Внешне это выглядит как покорность и признание своей вины, но мой враг понимает, что это скрытый упрек, и мрачнеет, хотя и не осмеливается что-либо сказать в присутствии своих людей, понятия не имеющих о том, что здесь происходит. Да они и не поверили бы, расскажи им кто-нибудь.
– Вы последуете с нами, аббатиса.
Я не сопротивляюсь. Более того, киваю в знак согласия. Несмотря на это, меня грубо стаскивают с коня, который пятится назад и сбивает одного из жандармов с ног, чем вызывает некоторое смятение в их рядах. Наконец его усмиряют. Как я и говорила ему, он отличный конь, и жандармы это заметили. Его берут под уздцы, что-то ласково говорят ему, и животное успокаивается.
С меня между тем срывают плащ, под которым темное платье и апостольник, и связывают мне руки за спиной. Потом перекидывают меня вниз лицом через спину лошади и привязывают к седлу. Один из жандармов при этом бормочет:
– Прекрасная поза для высокородной дамы! Другой слегка ухмыляется в ответ, но никто не смеется, хотя я связана, хотя я одна против десятерых, хотя я полностью в их руках. И в наступившей тишине я ощущаю их страх.

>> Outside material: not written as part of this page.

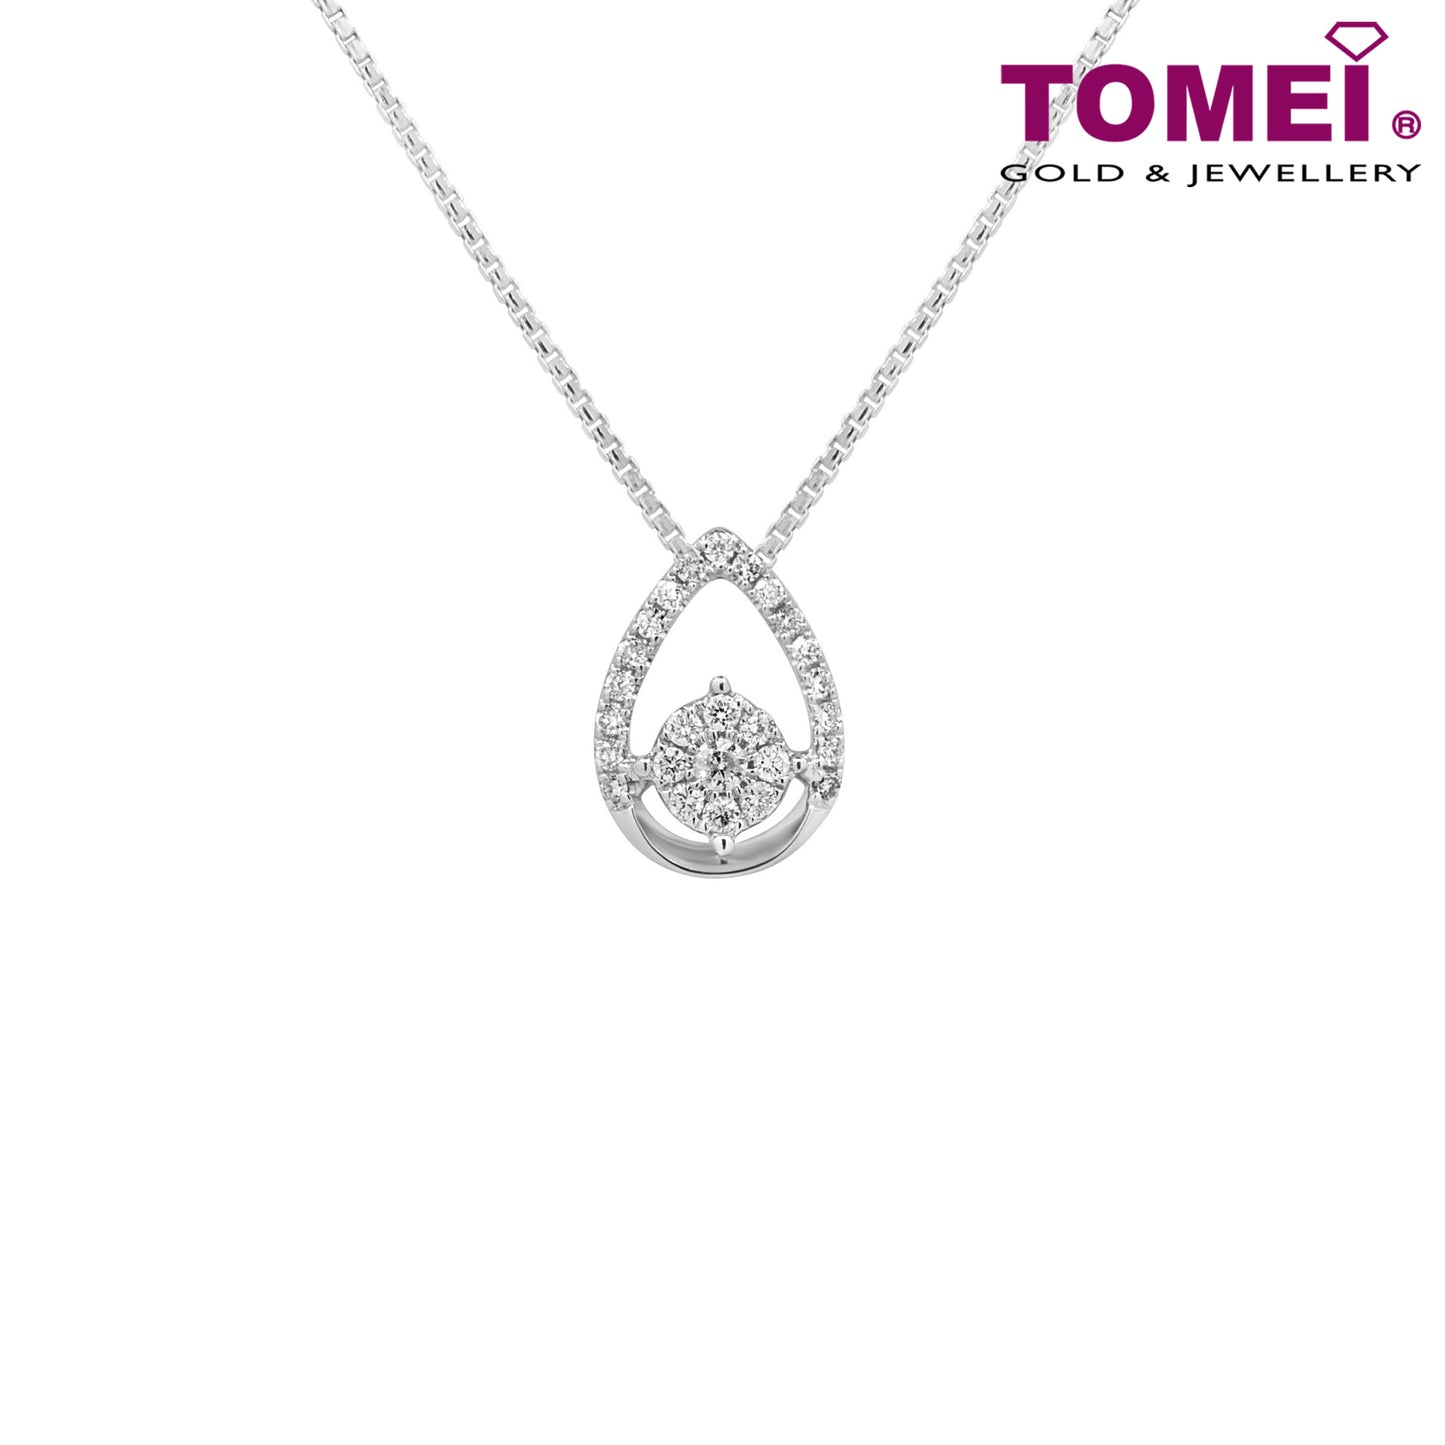 Teardrop Diamond Pendant | Tomei White Gold 375 (9K) with Chain (P5208)

Трудна дорога домой. Лицо мое бьется о бок лошади, а платье промокает насквозь, потому что дождь снова зарядил нещадно. От холода сводит позвоночник. Вода бежит ручьями по рукам, ногам и шее. Апостольник соскальзывает, выставляя напоказ мою стриженую голову. Дождь заливает мне уши, нос и глаза.
Я пытаюсь успокоить себя: то воля богини. Это миссия всей моей жизни, предсказанная мне с рождения.
Неся меня навстречу моей судьбе, лошадь время от времени наступает на пряную траву. От этого запаха болят и слезятся глаза.
Розмарин вызывает воспоминания.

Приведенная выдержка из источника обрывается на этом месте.